MDP implementation using python - dimensions

465 Views Asked by At

I have problem in implementing mdp (markov decision process) by python.

I have these matrices: states: (1 x n) and actions: (1 x m) .Transition matrix is calculated by this code:

p = np.zeros((n,n))
for t in range(l): # my data is a 1x100 matrix
p[states[t]-1, states[t+1]-1] = p[states[t]-1, states[t+1]-1] + 1
for i in range(n):
p[i,:] = p[i, :] / np.sum(p[i, :])    

and Reward matrix by this code:

for i in range(l): 
Reward = (states[i+1]-states[i])/(states[i])*100

To have the optimal value, "quantecon package" in python is defined by:

ddp = quantecon.markov.DiscreteDP(R, Q, beta)

where Q : transition matrix should be m x n x m.

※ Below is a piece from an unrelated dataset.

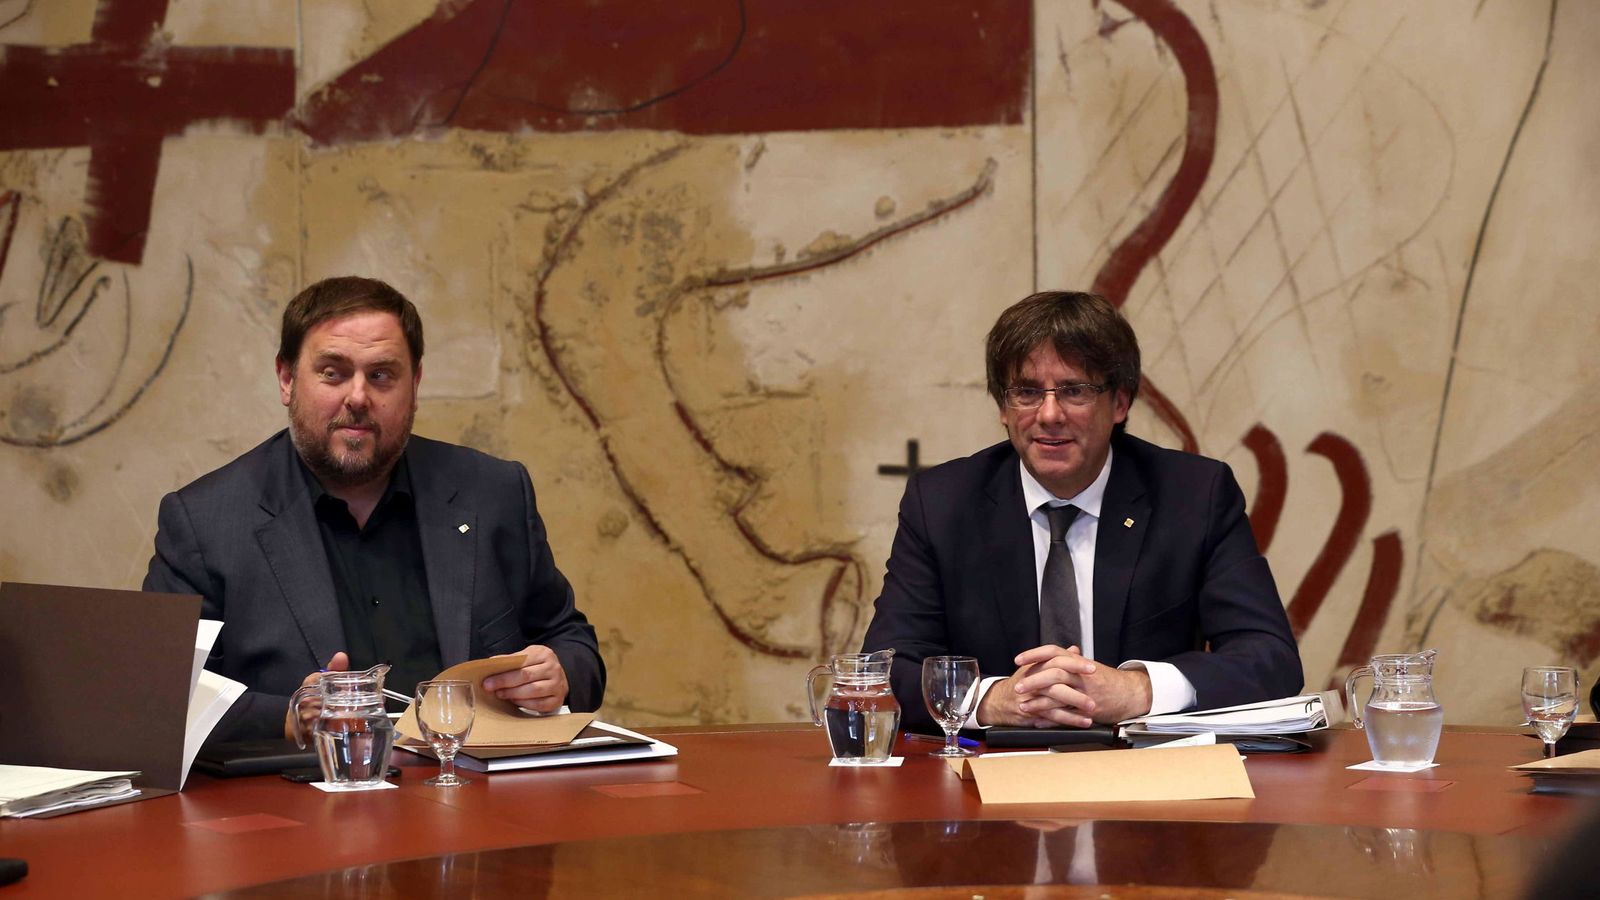 Foto: El presidente de la Generalitat, Carles Puigdemont, y su vicepresidente económico, Oriol Junqueras. (EFE)

Can anyone help me understand how Q can be a (m,n,m) matirx?! Thank you in advance.

1

There are 1 best solutions below

0
On

If you have n states and m actions, Q will be an array of shape (n, m, n) (not (m, n, m)), where you let Q[s, a, t] store the probability that the state in the next period becomes the t-th state when the current state is the s-th state and the action taken is the a-th action.